Write the results into a context file (e.g. evidence.md) with:
- the verified reference(s),
- a 1-2 sentence justification,
- and any exact wording constraints you want enforced.
Re-run with --context-file evidence.md (and optionally --max-rounds 1):

python3 "$PAPER_REVISER/scripts/bin/paper_reviser_edit.py" \
  --in /path/to/draft.tex \
  --out-dir /tmp/paper_reviser_out_r2 \
  --run-models \
  --writer-backend claude --writer-model opus \
  --auditor-backend gemini --auditor-model gemini-3.1-pro-preview \
  --context-file /path/to/evidence.md \
  --max-rounds 1

Build a research-team verification plan (JSON)

To help a research workflow orchestrate literature verification, you can convert verification_requests.json into a deterministic plan of research-team literature_fetch.py commands:

python3 "$PAPER_REVISER/scripts/bin/build_verification_plan.py" \
  --in /tmp/paper_reviser_out/verification_requests.json \
  --out /tmp/paper_reviser_out/verification_plan.json \
  --kb-dir verification/knowledge_base/literature \
  --trace-path verification/knowledge_base/methodology_traces/literature_queries.md \
  --arxiv-src-dir verification/references/arxiv_src

Then execute the plan tasks (typically under an approval gate) and write per-item evidence notes. Finally re-run paper-reviser with either --context-file evidence.md or --context-dir evidence/.

Contract Highlights

Evidence-calibrated revision contract: do not default to hedging. Keep strong supported statements, strengthen underclaimed text when evidence warrants it, and weaken only for genuine evidence/logic/literature gaps.
Referee-response mode contract: detected from context/structure rather than file naming; referee comments are read-only, only author responses/manuscript revisions may change, and every we revised/clarified/added/corrected declaration must be localized to the shortest sufficient manuscript location.
Claim-strength audit + literature/novelty gate: novelty claims require full-text support, not title/abstract/metadata-only checks.
Author color versus latexdiff color contract: author color remains an independent semantic layer; diff colors must stay distinct so colored insertions/deletions remain visible.
Correction-convergence contract: bounded repair rounds must resolve blockers with the smallest sufficient edit and no silent fallback success.

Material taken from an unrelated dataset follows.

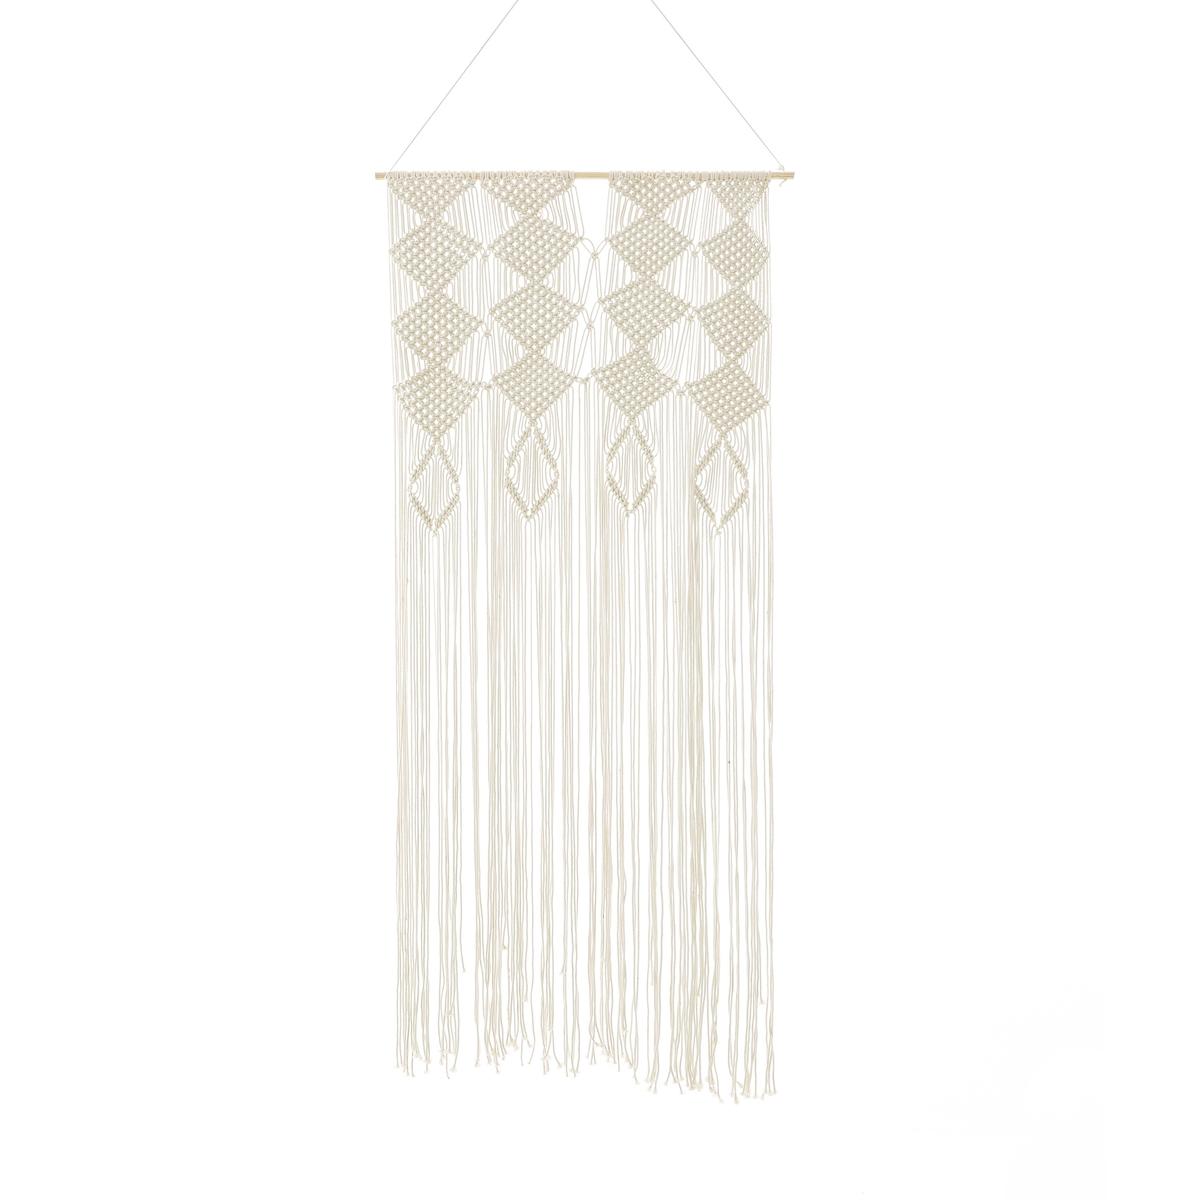 Штора плетения макраме, 100% хлопок, ADONIШтора плетения макраме, 100% хлопок Adoni. Модная штора Adoni плетения макраме украсит Ваше окно или послужит стенной декорацией.Характеристики шторы макраме Adoni :Плетение макраме, 100% хлопок.Деревянная гардина и завязки.    Знак Oeko-Tex® гарантирует, что товары прошли проверку и были изготовлены без применения вредных для здоровья человека веществ.Размеры шторы плетения макраме Adoni : Выс. 200 x Шир. 90 смВсю коллекцию штор и текстиля для интерьера Вы найдете на laredoute.ru .<br><br>Цвет: экрю
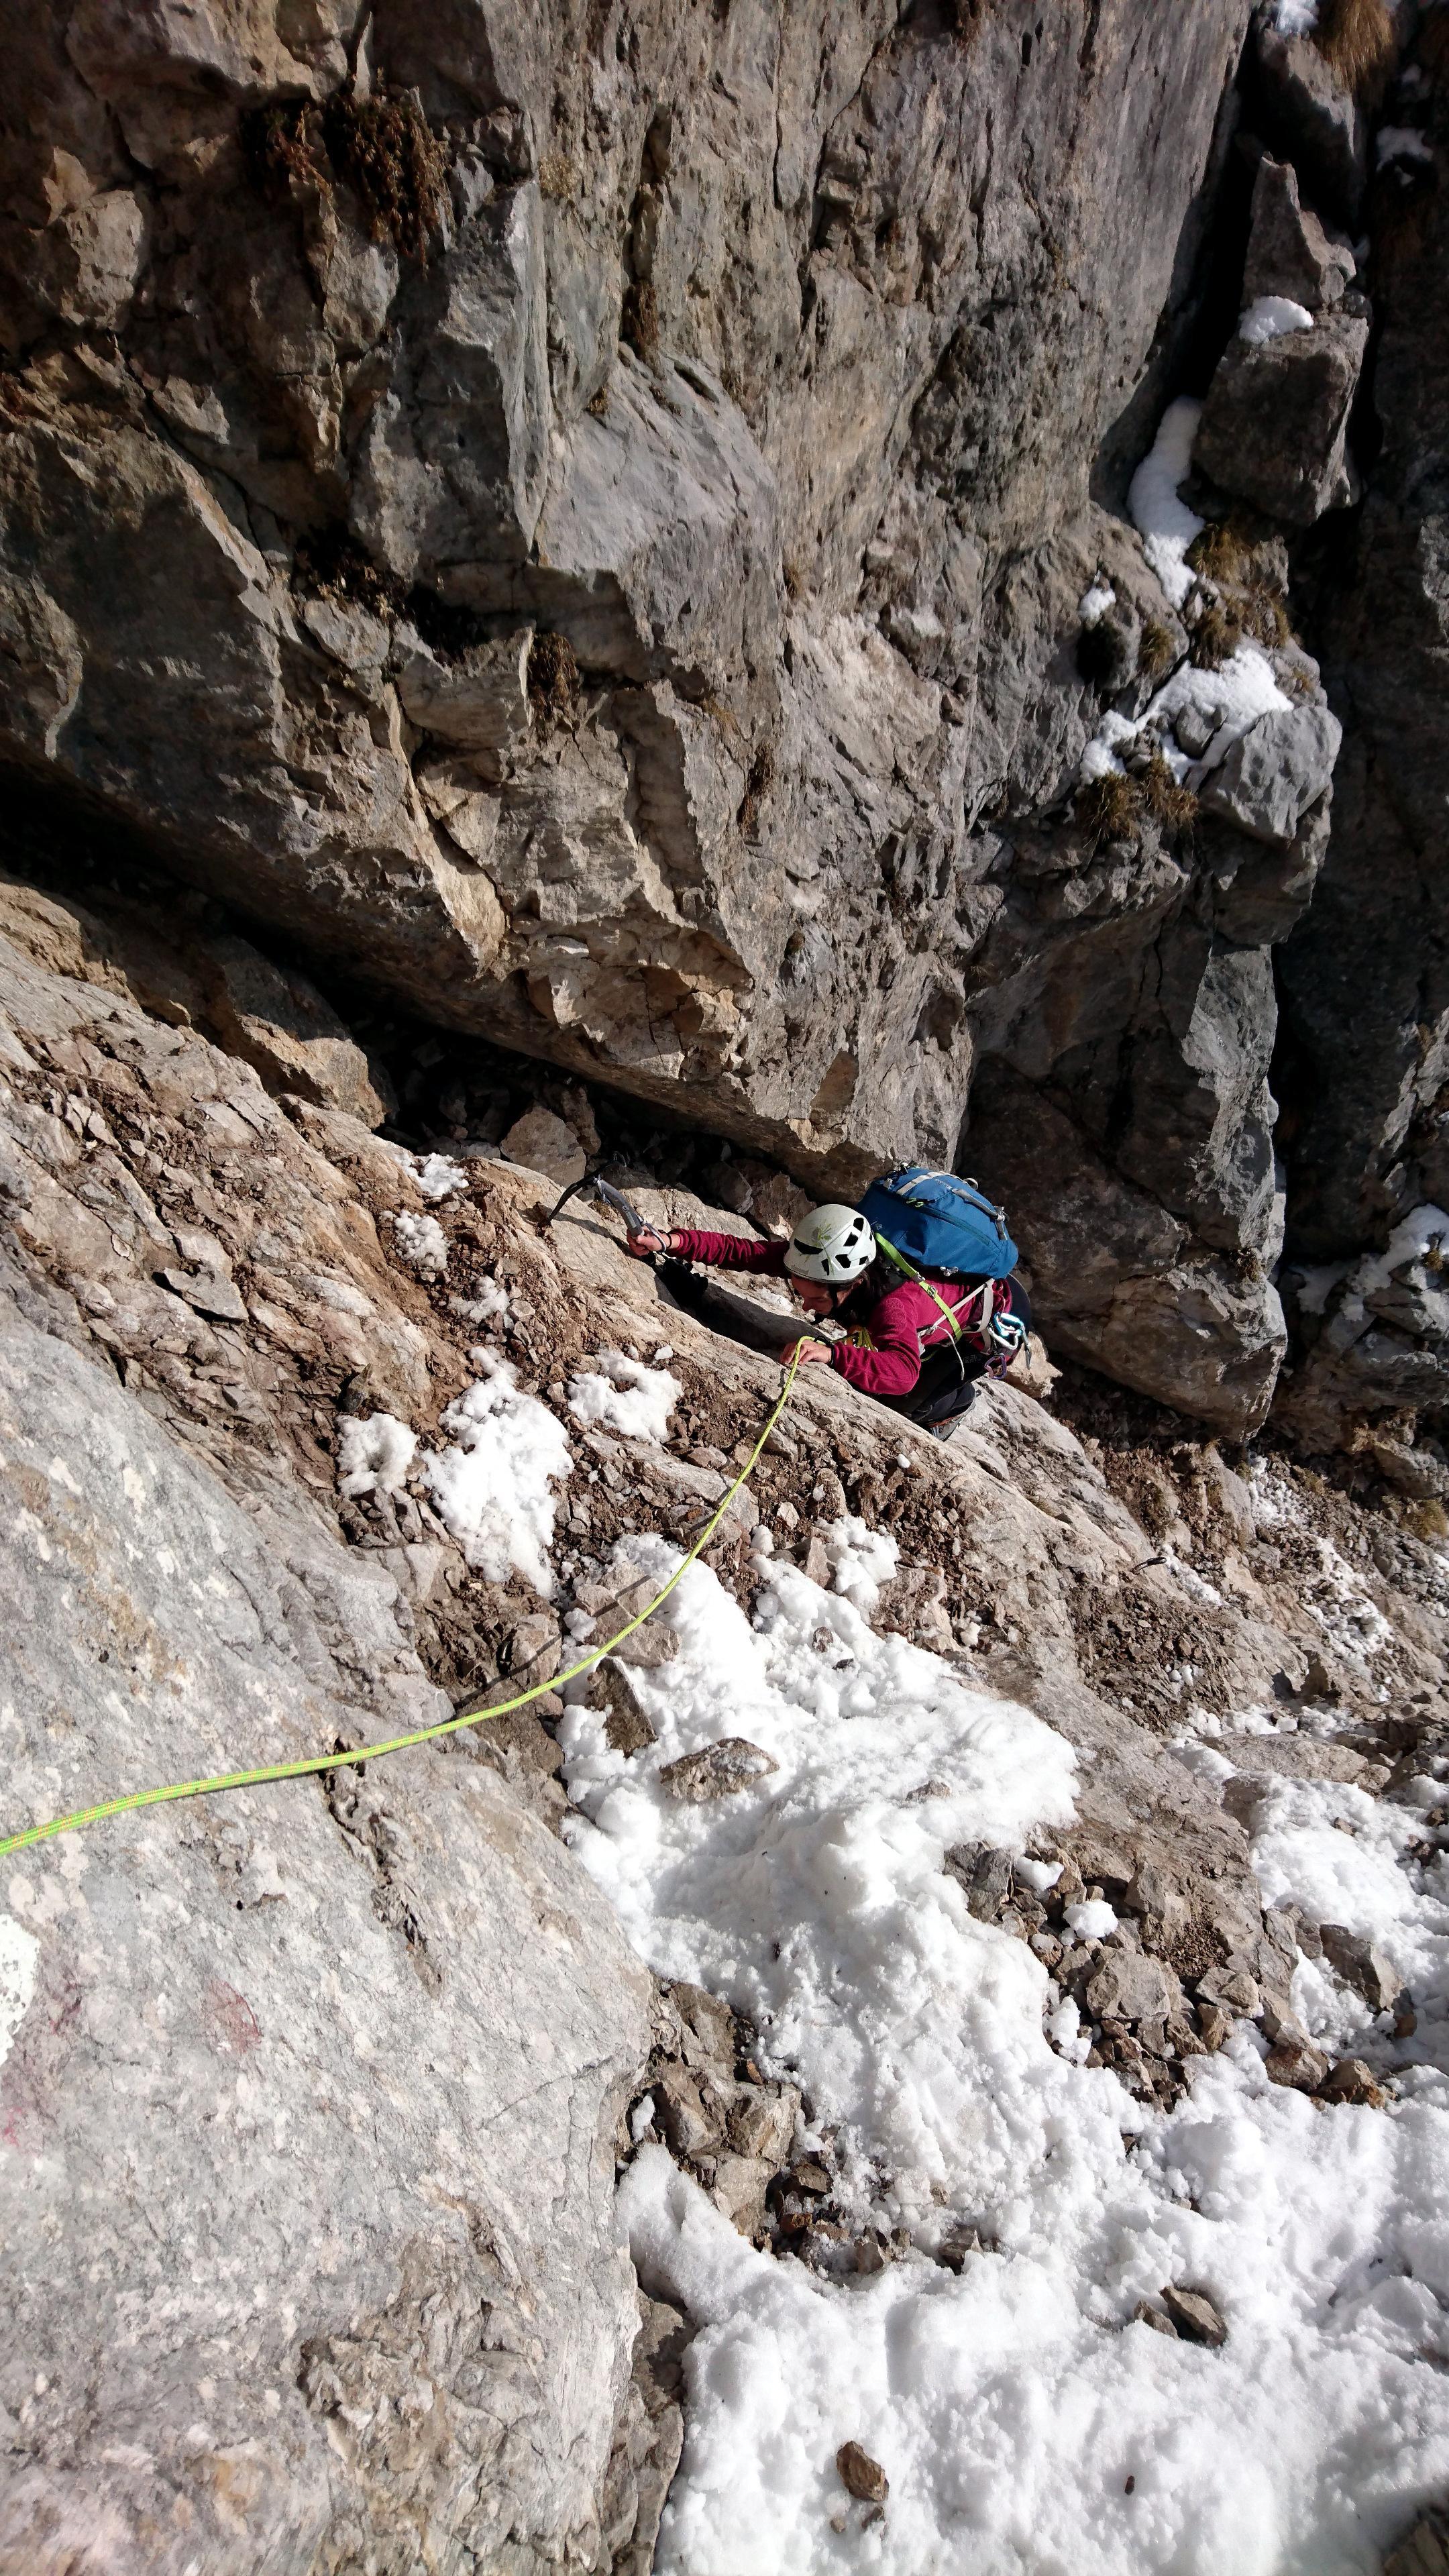 Erica impegnata sul primo muretto prende confidenza con la roccia piuttosto sfasciumosa della parte iniziale

HEP literature checks (INSPIRE/arXiv)

For high-energy physics (and nearby fields), a practical workflow is:

Use research-team’s literature_fetch.py to search INSPIRE / arXiv and download arXiv LaTeX sources:

# INSPIRE search (returns candidate records)
python3 "$RESEARCH_TEAM/scripts/bin/literature_fetch.py" \
  inspire-search --query "t:your topic AND date:2020->2026" -n 5

# Fetch one INSPIRE record (optional: write a KB note under knowledge_base/)
python3 "$RESEARCH_TEAM/scripts/bin/literature_fetch.py" \
  inspire-get --recid 1234567 --write-note

# Download arXiv LaTeX sources (stored under references/arxiv_src/<arxiv_id>/)
python3 "$RESEARCH_TEAM/scripts/bin/literature_fetch.py" \
  arxiv-source --arxiv-id 2101.01234 --out-dir references/arxiv_src

Skim the downloaded source (TeX/PDF) and write a short evidence.md explaining what is supported/unsupported.
Re-run paper-reviser with --context-file evidence.md so the writer can tighten or correct the statements.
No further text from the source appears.